Why Influencer-Led Health Campaigns Are Winning
There’s a broader strategic lesson here that applies well beyond this single campaign. The wellness category has one of the highest barriers to consumer trust in any product sector. People are cautious about what they put in their bodies, and they’re increasingly sceptical of celebrity endorsements that feel financially motivated.

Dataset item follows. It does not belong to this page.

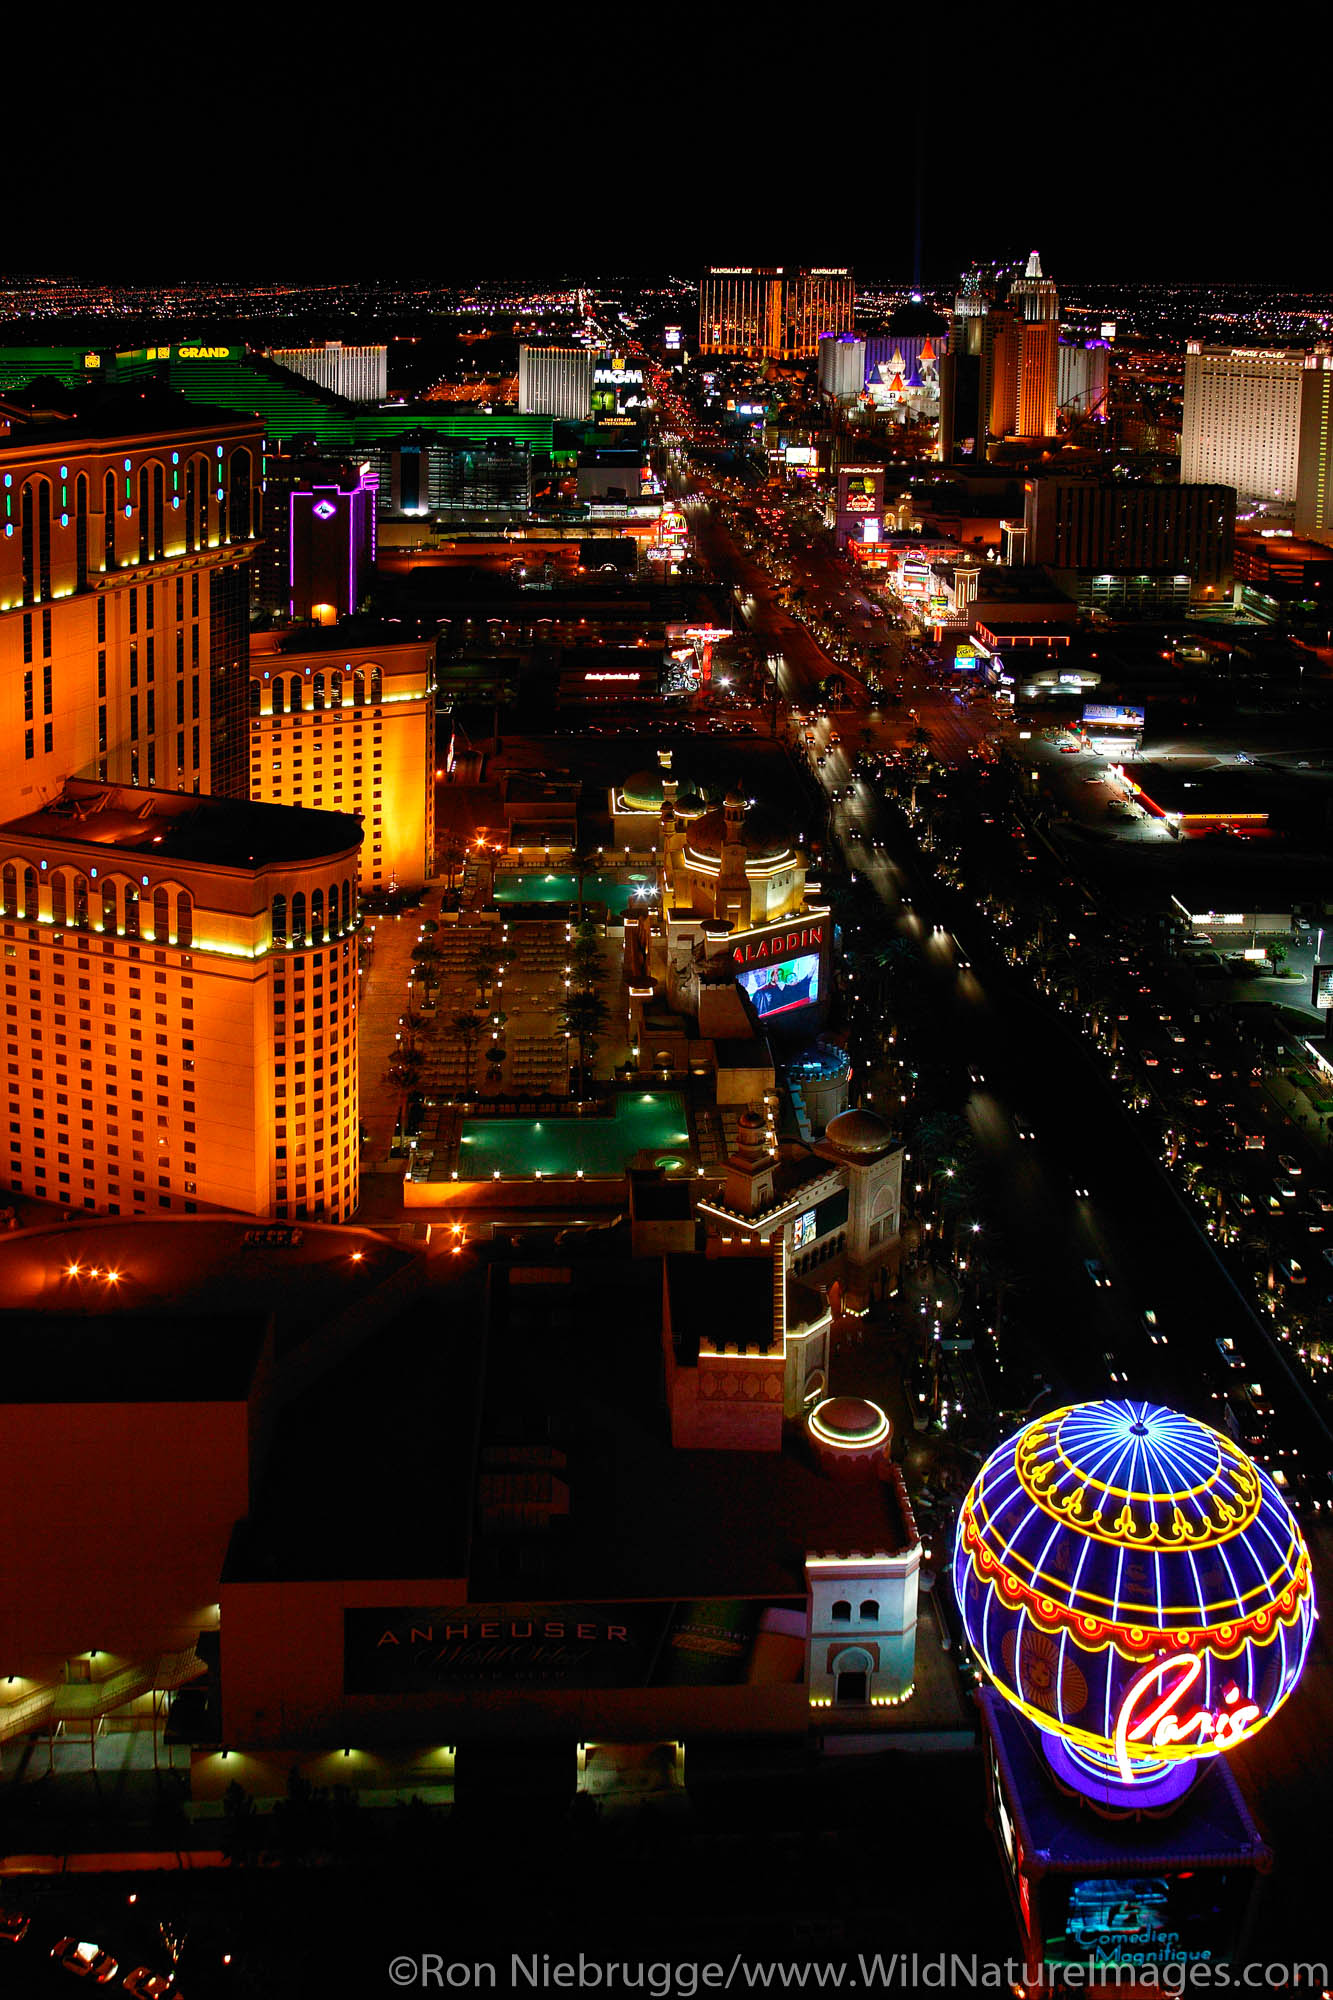 The view of the strip from the Eiffel Tower at the Paris resort hotel and casino in Las Vegas, Nevada.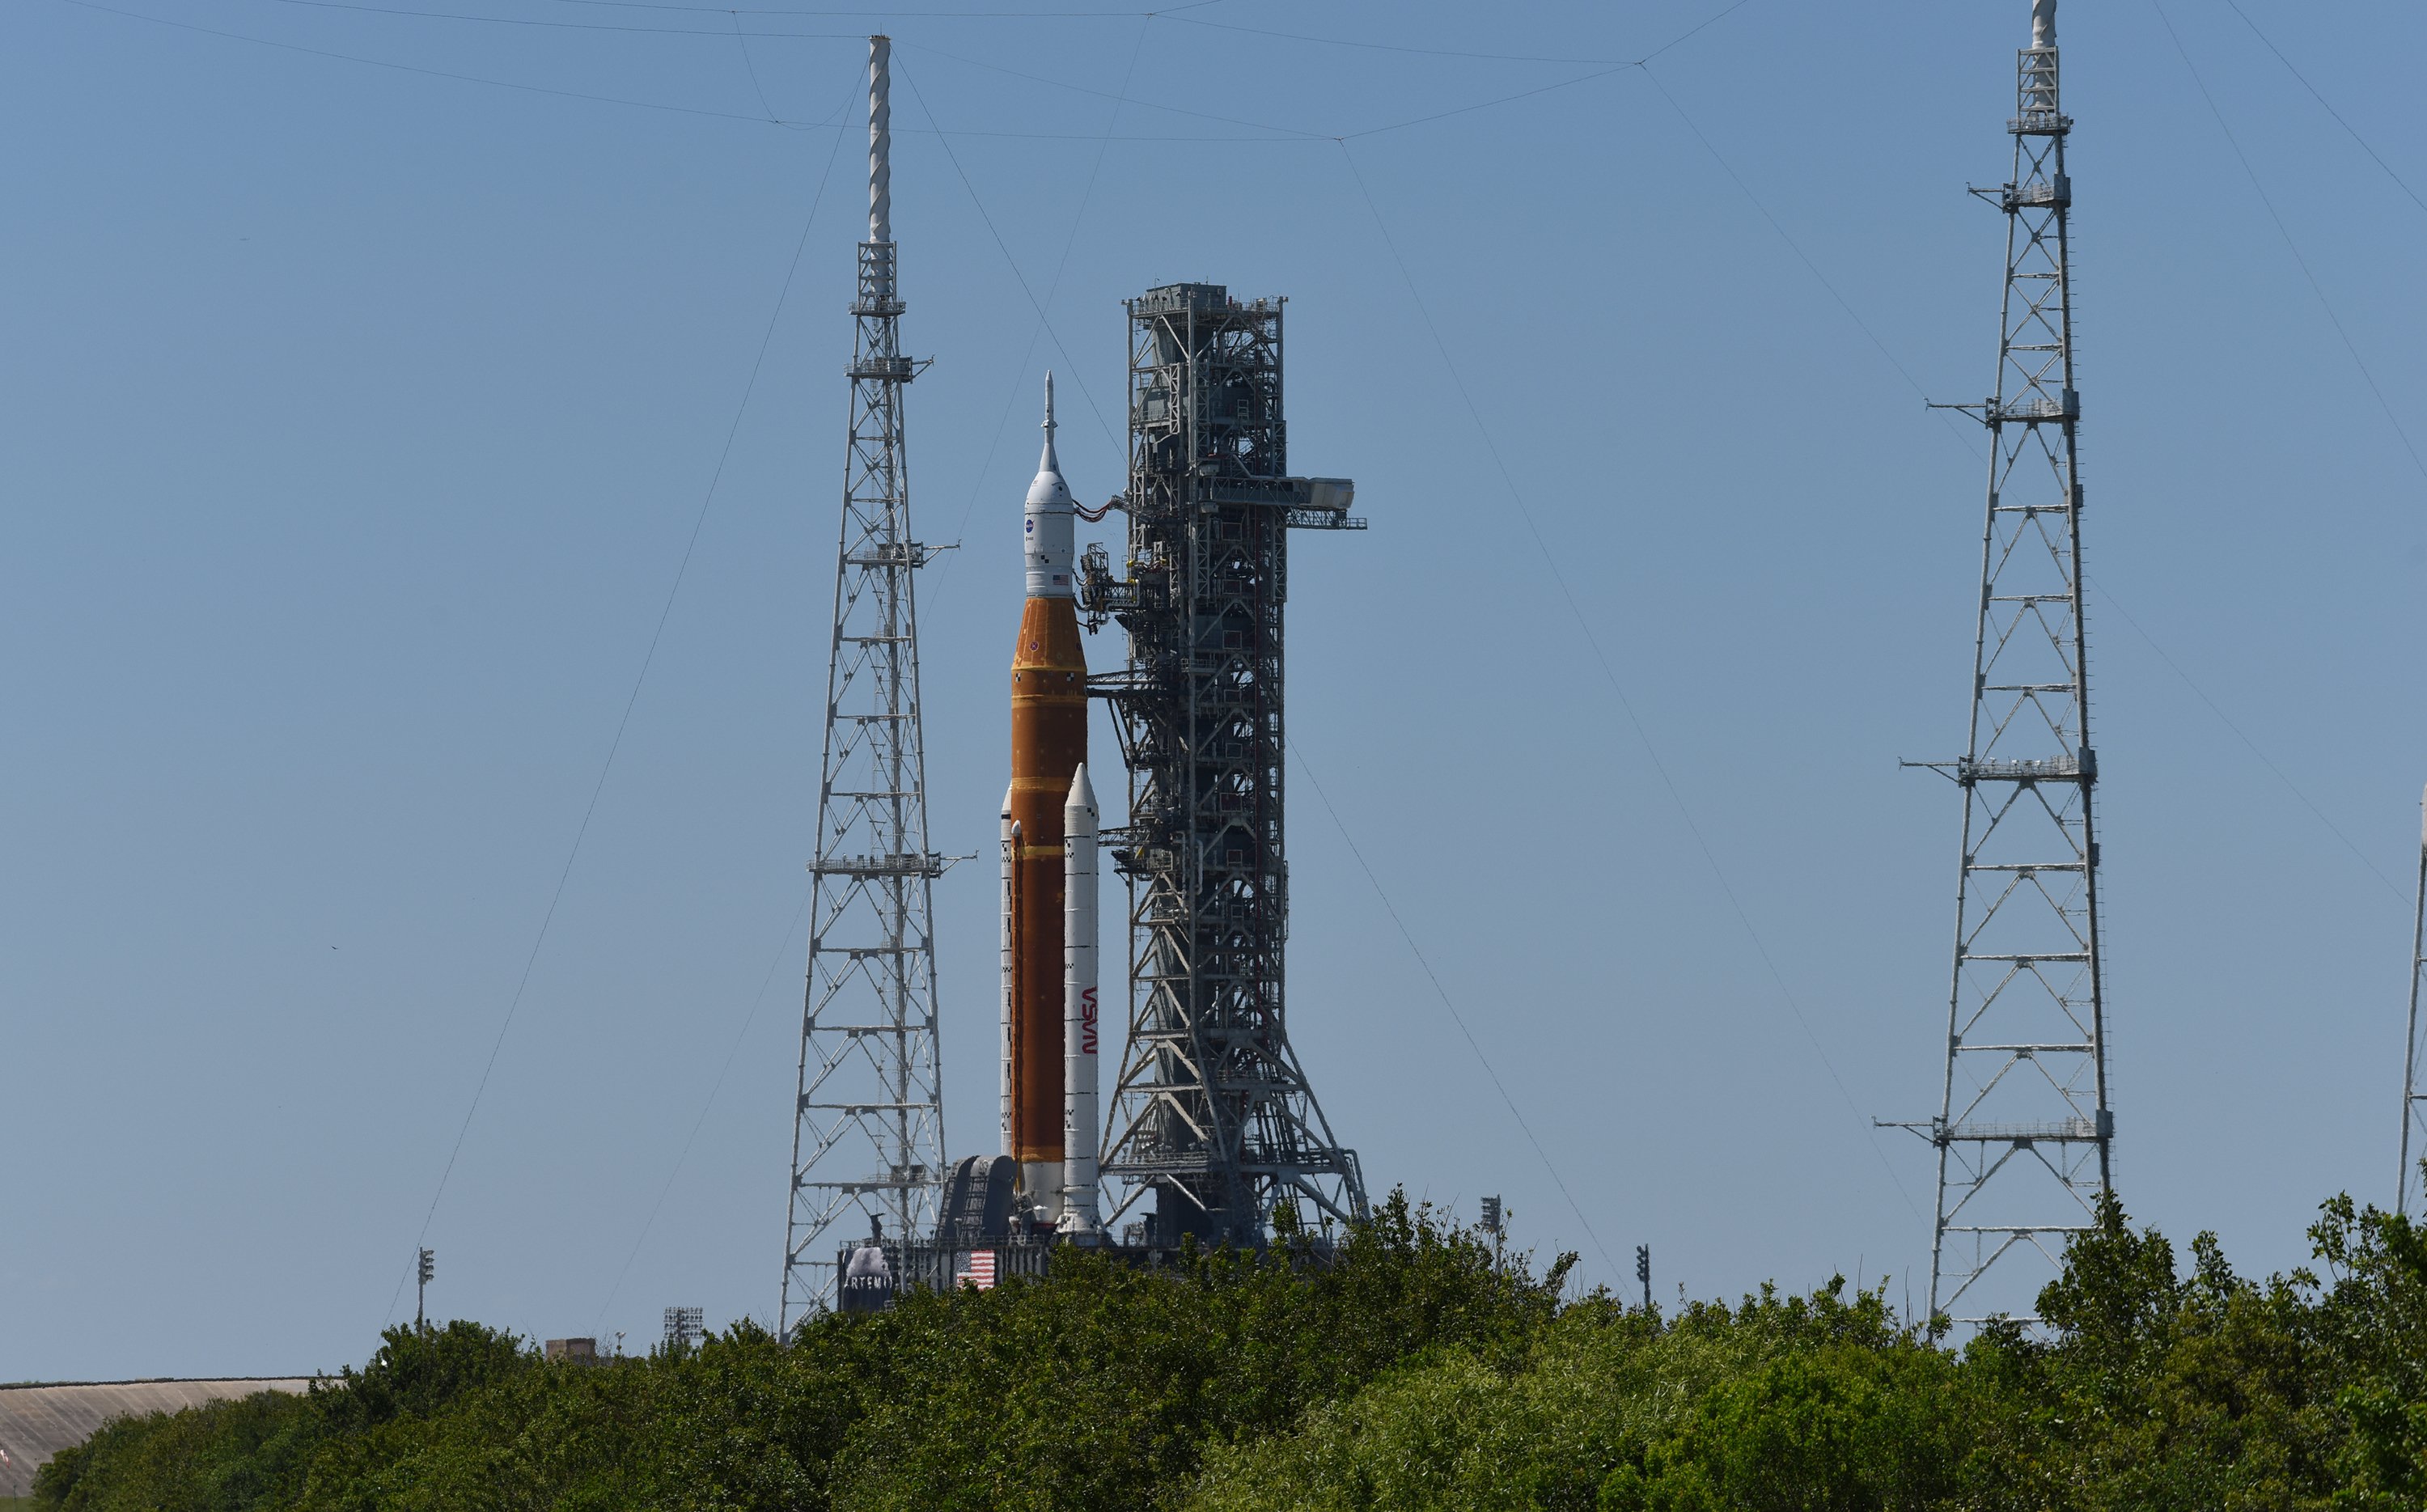 The Artemis 1 Moon rocket with the Orion capsule sits on Launch Pad 39B at the Kennedy Space Center.

What works is specificity and credibility. A creator with an established voice in women’s health, speaking about products at an event designed to educate rather than simply sell, generates a very different kind of brand association than a traditional paid post.
Okamoto brings an audience that skews young, educated, socially engaged, and already interested in women’s health advocacy. For Thorne, that is precisely the demographic looking to upgrade from generic pharmacy supplements to something more considered.
This campaign is a clean example of audience alignment done right: a brand with strong scientific credibility partnering with a creator whose entire public persona is built on having difficult, important conversations about women’s bodies. Neither side has to compromise their identity to make it work.
For brands in the health and wellness space still deciding between broad reach and targeted influence, this is a compelling case for the latter.